__Required action__
Without its pictures, the listing below is to be transcribed exactly.

__Input data__
# # # #
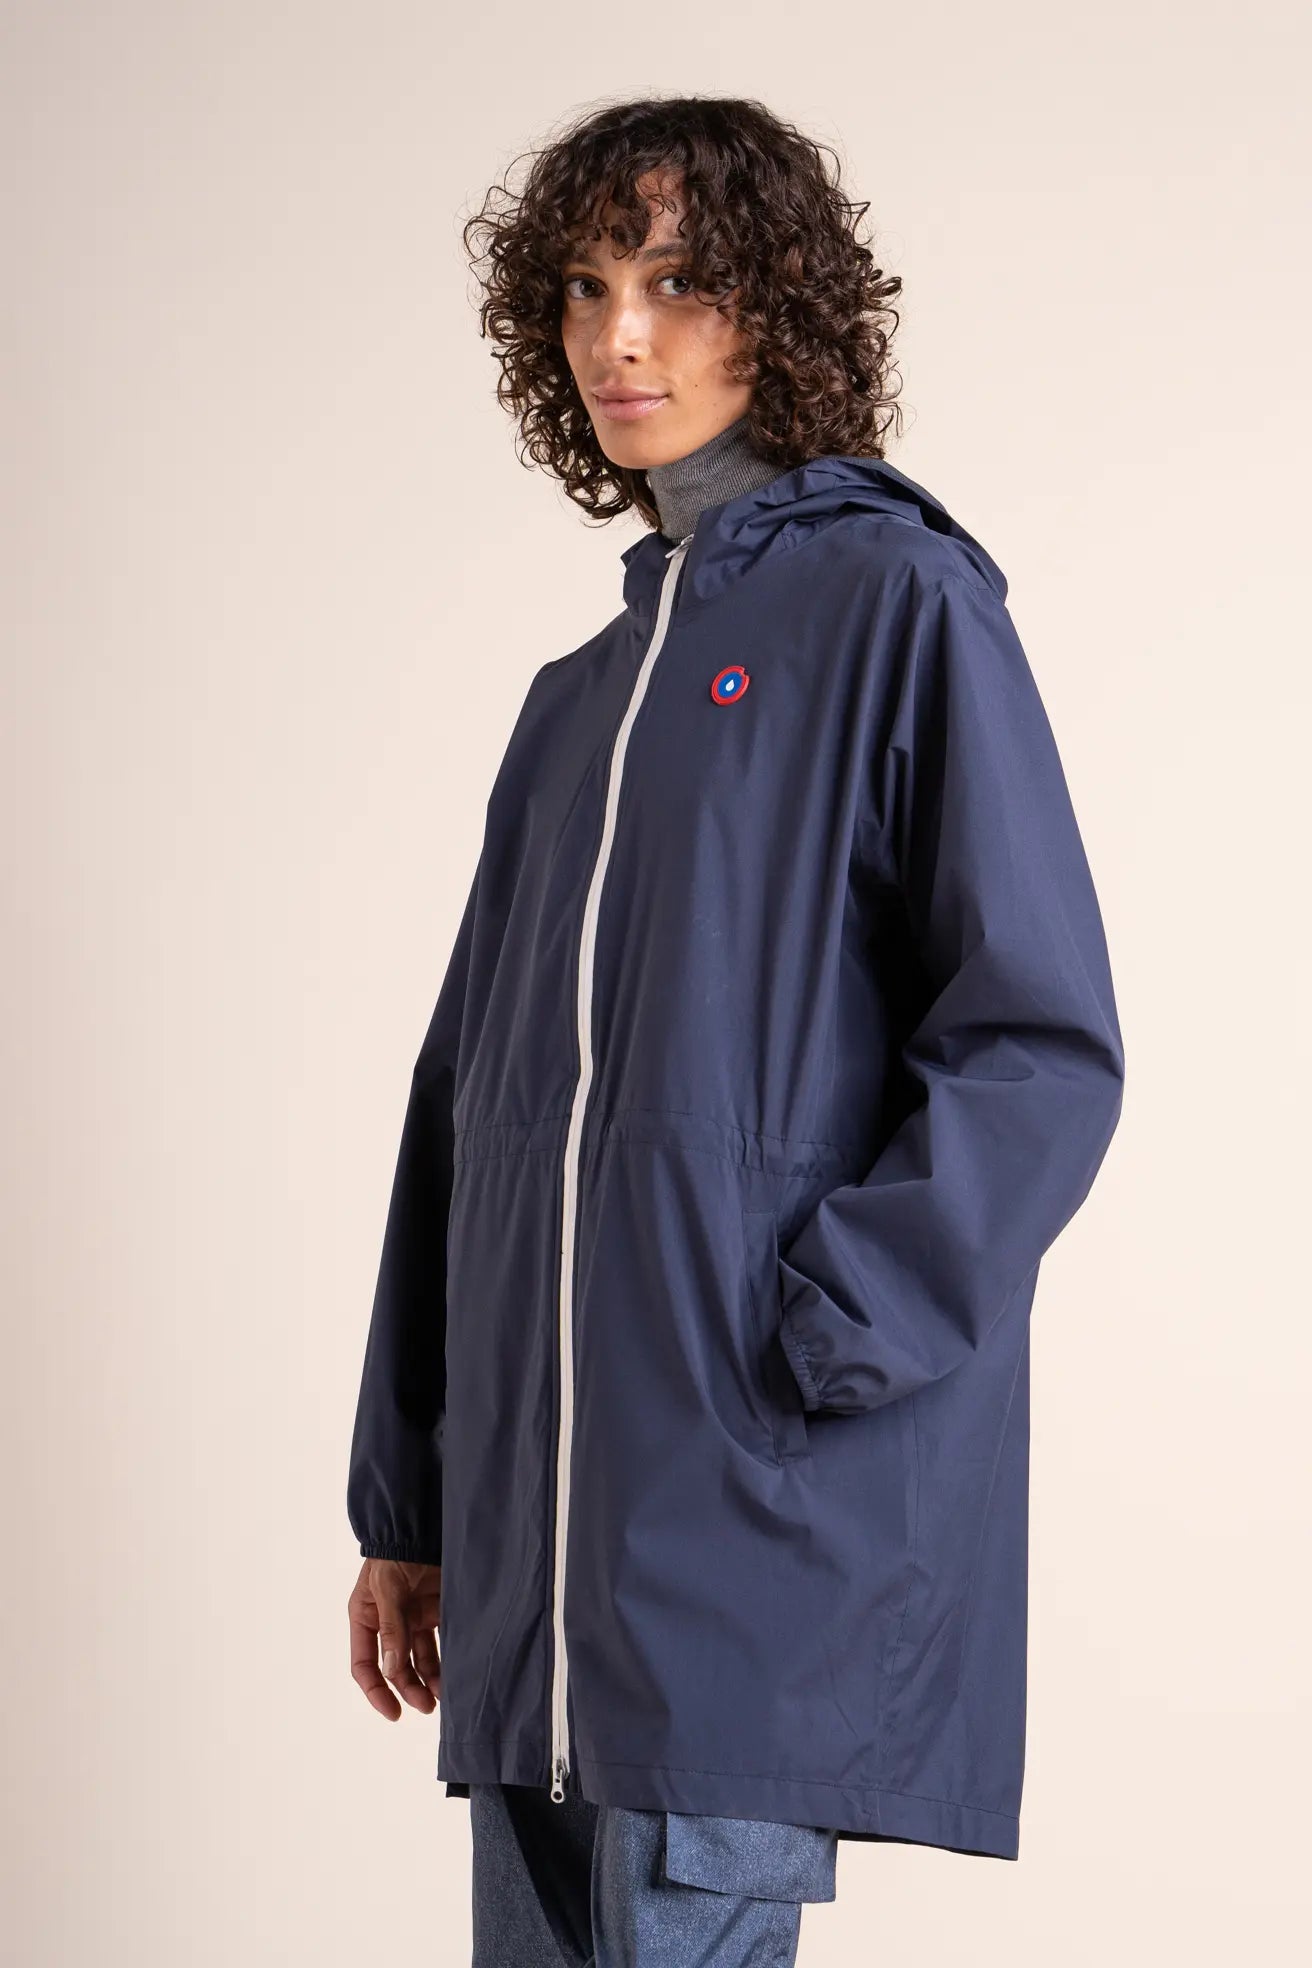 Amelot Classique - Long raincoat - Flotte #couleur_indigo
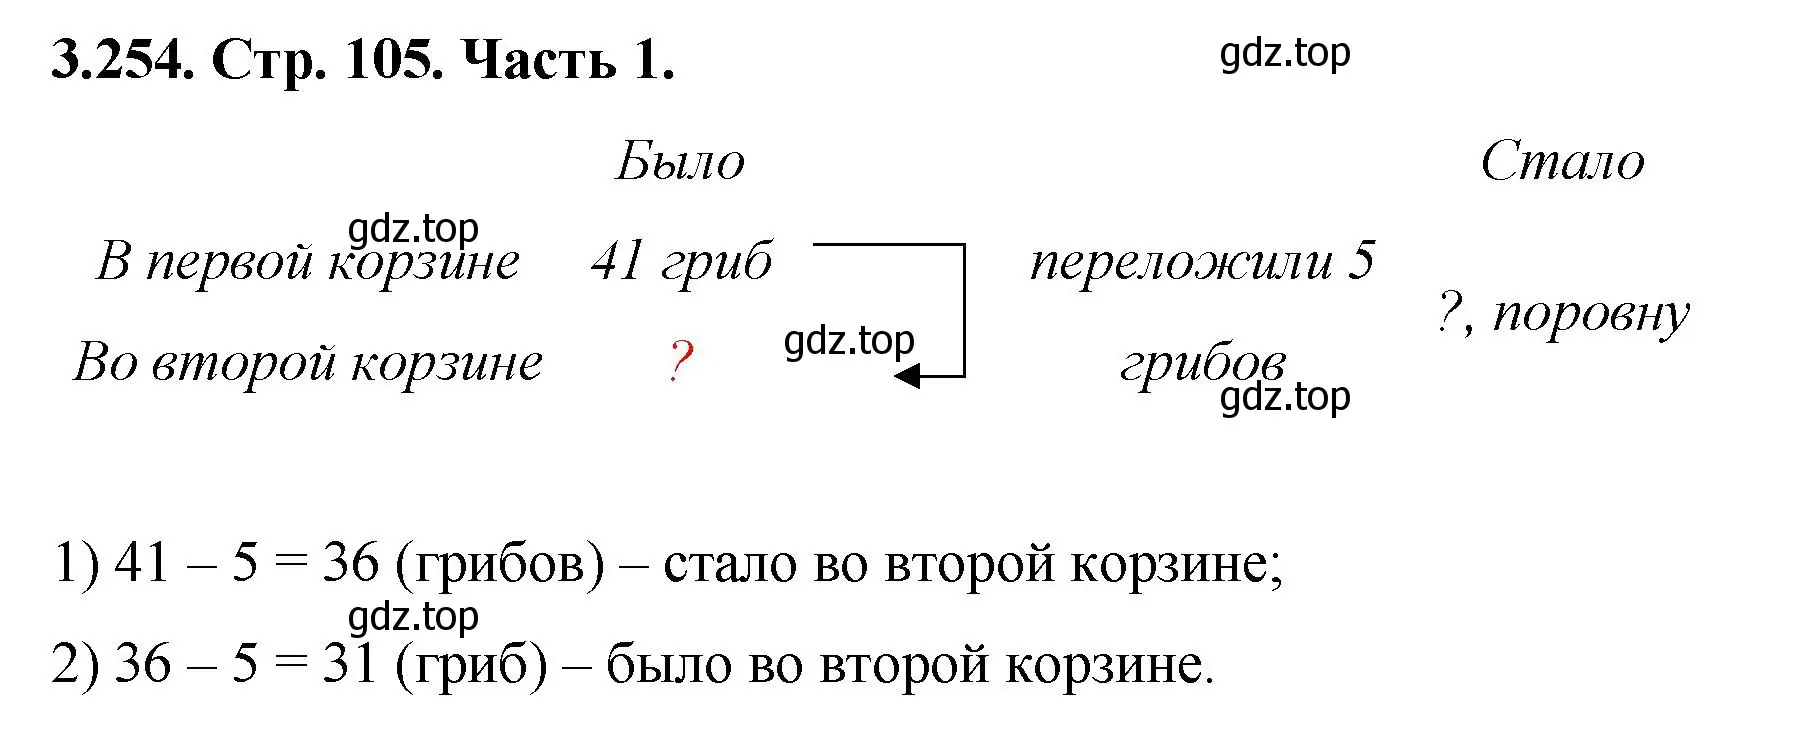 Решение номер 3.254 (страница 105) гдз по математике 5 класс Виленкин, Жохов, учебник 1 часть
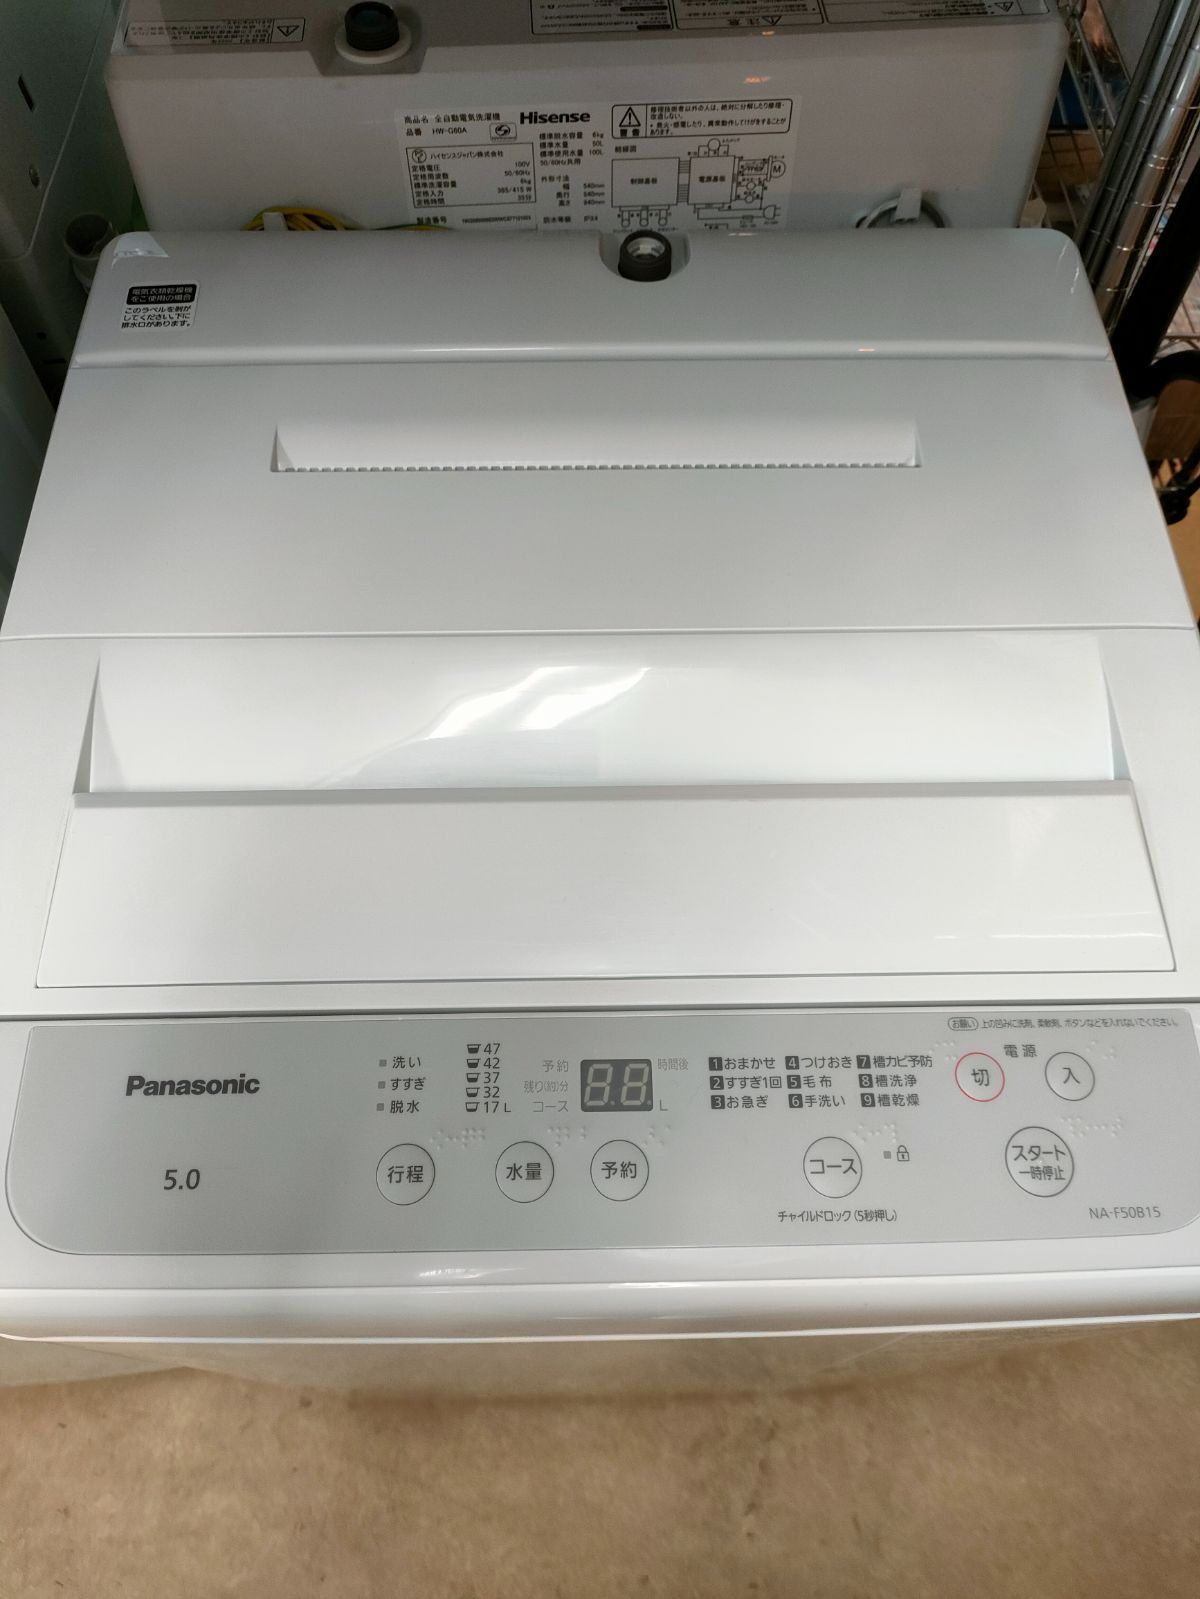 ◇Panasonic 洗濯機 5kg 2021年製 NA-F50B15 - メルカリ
# # # #
__Output below__
 Amelot Classique - Long raincoat - Flotte #couleur_indigo
 Решение номер 3.254 (страница 105) гдз по математике 5 класс Виленкин, Жохов, учебник 1 часть
 ◇Panasonic 洗濯機 5kg 2021年製 NA-F50B15 - メルカリ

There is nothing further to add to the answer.